Nice, clean and ready to fit, you think? Not quite, as I decided to take the whole thing to pieces, which is easy because it just means removing a couple of split-pins.

 

post-17604-0-84262000-1451332887_thumb.jpg

 

And it was a good job I did. (Note that you should keep these parts in order so that they go back on in the same positions as they were).

This is what I found - shocking! No oil could possibly find its way through here:

 

post-17604-0-21502100-1451332910_thumb.jpg

 

And this engine had received regular oil and filter changes!

 

post-17604-0-03053500-1451332935_thumb.jpg

 

Into the petrol bath to begin with to try and dissolve the oil, then poking out the build up as best I could with a small nail. Then, I blasted it out with a hosepipe on its highest setting (I put the rocker shaft on some wood so as not to damage it). After this I wiped it down with a rag and left it atop a radiator for a day or so in order to thoroughly dry it out.

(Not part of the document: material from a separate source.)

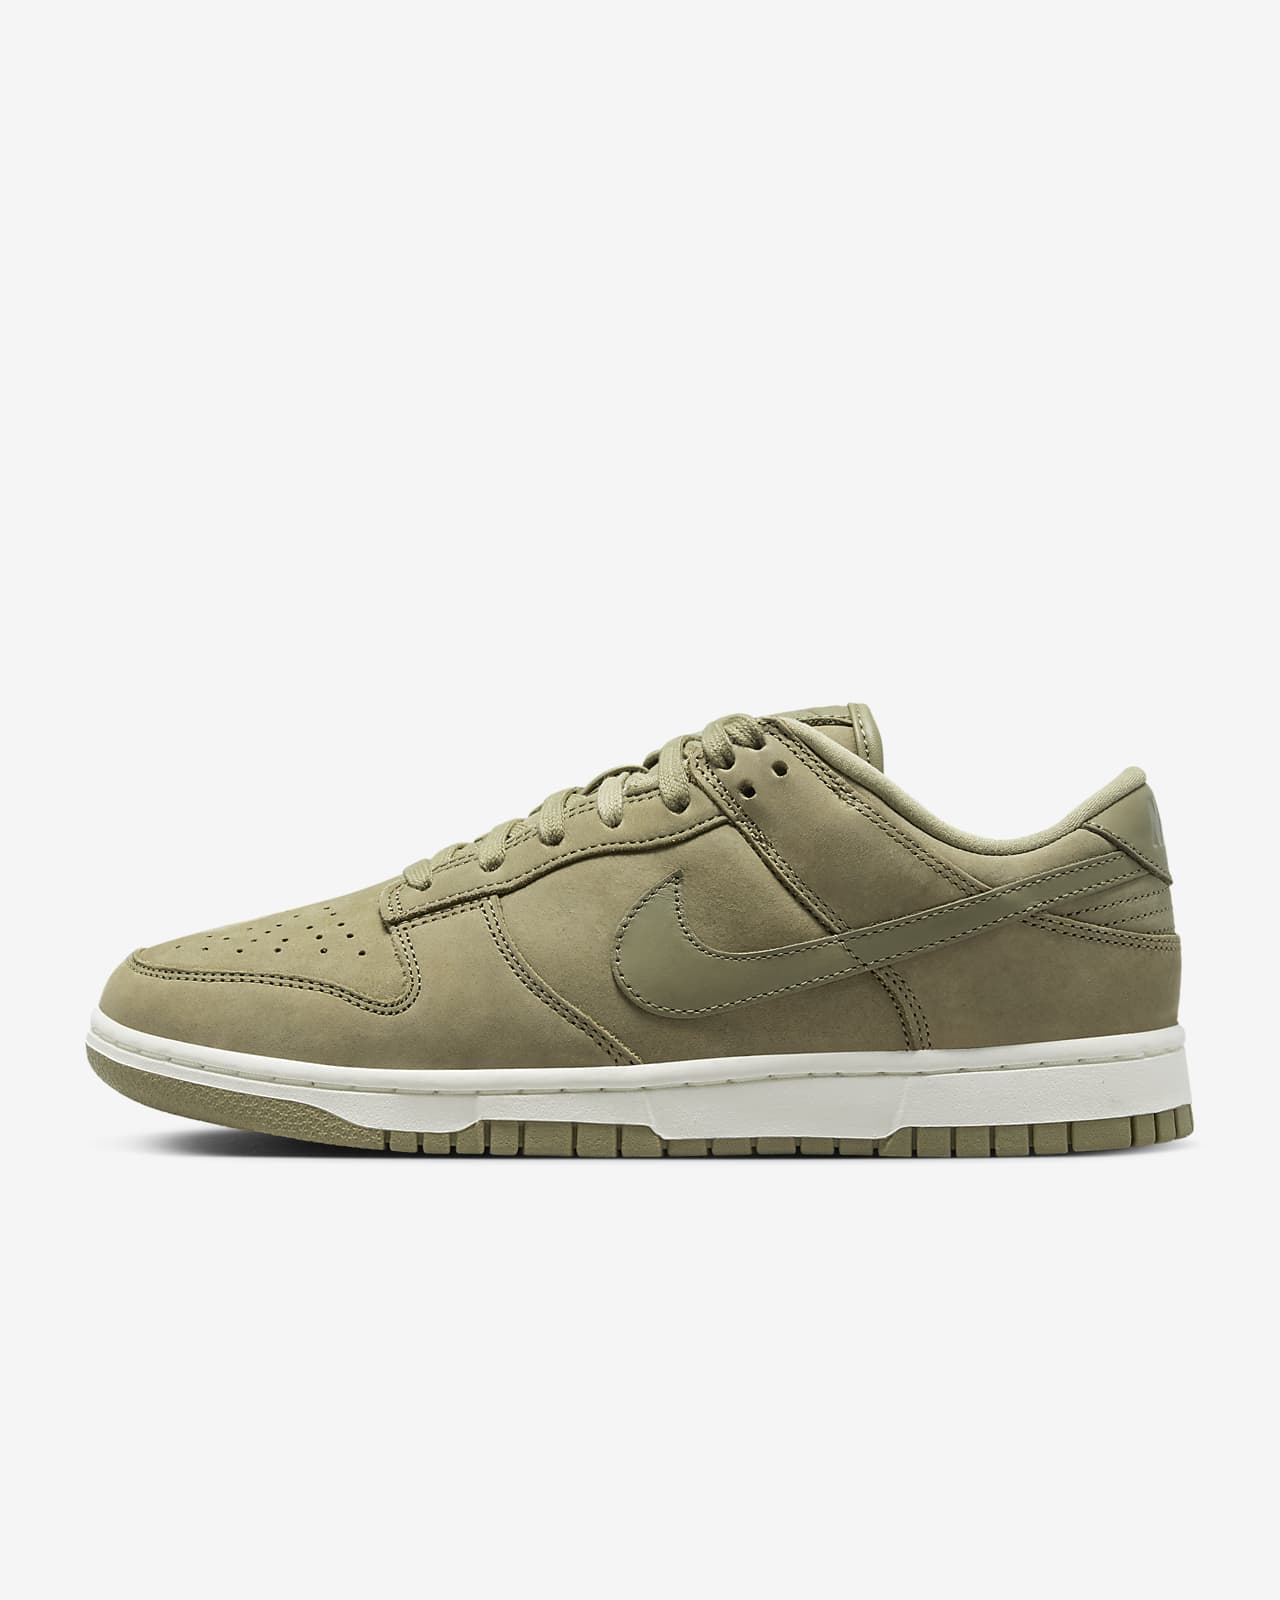 Nike Dunk Low Premium MF Womens Shoes Review

With all parts well cleaned, I re-assembled it in the same order and renewed the split-pins. Then, with the push-rods in place, the rocker shaft went back on, I torqued down the cylinder head and lastly torqued down the rocker shaft, making sure the ball and cup of the rockers and push-rods engaged properly. Spraying the lot with a liberal quantity of WD40, as it would be 'dry' for some time, I also fitted the top cover finger tight to keep any foreign matter and moisture out.

Posted

I next turned my attention to the distributor. Fortunately Lucas distributors, as with the vast majority of the wares from the 'Prince of Darkness', are very well designed and robust. I don't think Americans understood British electrics very well, or even electricity in general, seeing as they used the same colour wiring for everything in their early cars. I did not even have to remove the distributor, though it is possible to do so without affecting the ignition timing - just remove the two bolts attaching it to the engine block.

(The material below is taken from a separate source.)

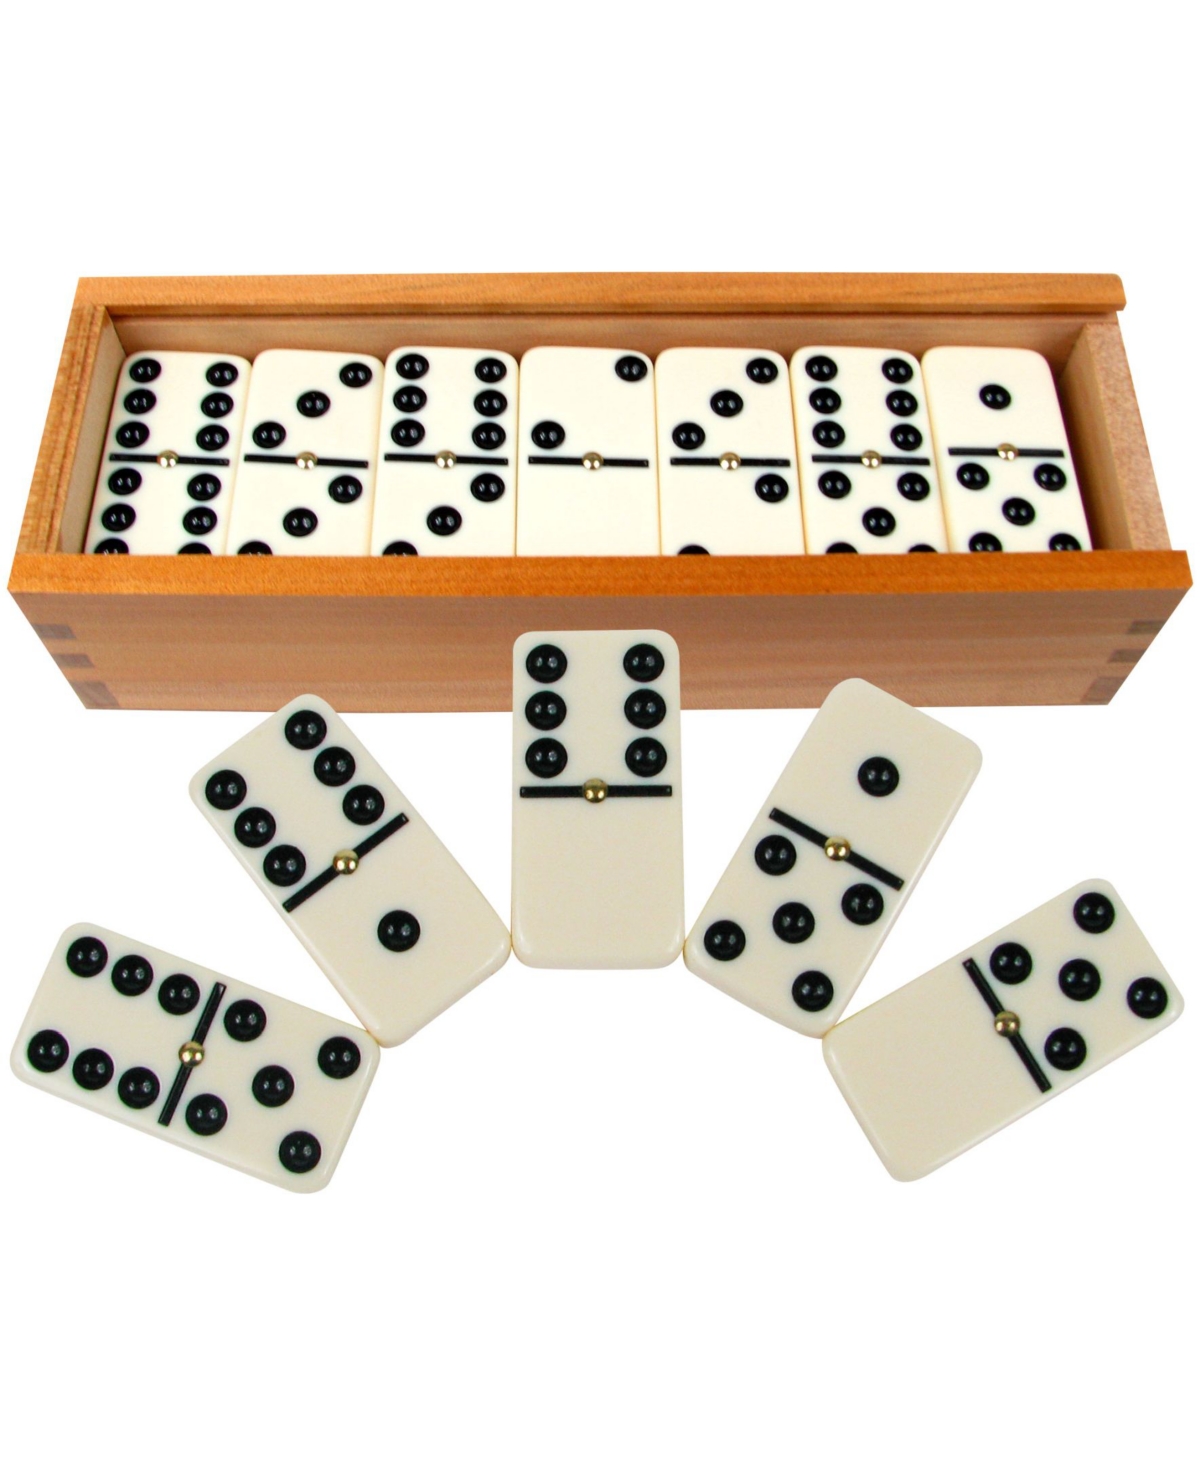 Trademark Global Hey Play Premium Set Of 28 Double Six Dominoes Wood Case In White

After taking the cap off and removing the rotor arm, I pushed the condenser wire through its aperture in the distributor body. Then I could remove the entire base plate complete with points and condenser. It's only a matter of undoing the two Philips screws, seen below back in place to avoid them getting lost.

 

post-17604-0-97153100-1451335267_thumb.jpg

 

This is what I call good condition inside, reasonably clean and free from corrosion. Note the grease on the cam. Just a quick wipe clean was all that was needed here. The next photo shows the base plate assembly as removed, showing the long condenser wire with rubber grommet.

 

post-17604-0-42506000-1451335292_thumb.jpg

 

Here is a photo to show the then current state of play. The alternator had been removed for inspection and ease of engine block cleaning later on.

 

post-17604-0-83704600-1451335308_thumb.jpg

 

The rod I am pointing to in the photo below connects the vacuum advance to the base plate. The vacuum advance works off engine suction and is connected by a thin tube to the carburettor. Dependent on throttle position the base plate moves due to the suction so that, if I remember correctly, the ignition timing advances. These units contain a sort of diaphragm which can fail, so the way to test is by sucking on the tube and watching for movement and feeling resistance. There will only be a slight movement of the rod because we cannot create as much suction as an engine!

 

post-17604-0-74175100-1451335329_thumb.jpg

 

If the vacuum advance did fail, you can still get replacements and they are just screwed onto the distributor body.

 

Genuine 'Made in England' points have life in them yet. Just lightly filing away the pitting (not with sandpaper) is the way to do it.

 

post-17604-0-12532000-1451335346_thumb.jpg

 

This is the base plate, with my thumb on the bit which fits into the hole on the vacuum advance rod. The two parts of the base plate are meant to move freely. They were a bit stiff, but after a petrol bath to dissolve old grease and a drop of fresh oil, they were moving again without much resistance.

 

post-17604-0-28365900-1451335365_thumb.jpg

post-17604-0-98643700-1451335383_thumb.jpg

 

Before replacing the base plate I lightly oiled the bob-weights which can be seen in the first photo. Then, with it all back together again, I set the points gap using feeler gauges (should be a sliding fit) and smeared grease sparingly on the cam. There is sometimes a felt pad on the points assembly which you soak in oil, instead of greasing the cam.

 

All that was left to do was brighten up the edge of the rotor arm using a fine abrasive, and check the carbon brush in the distributor cap. I wiped the cap out too, keeping an eye out for the dreaded tracking. I'm not replacing these consumable parts for two reasons. The first, I want to see if they still work after all this time (especially the condenser). The second, it will be easier to fault-find than if I had replaced every part.

 

post-17604-0-76272500-1451335399_thumb.jpg

 

 

 

 

Posted

I would have the sump off and check the bottom end if I were you. Whilst its easy like.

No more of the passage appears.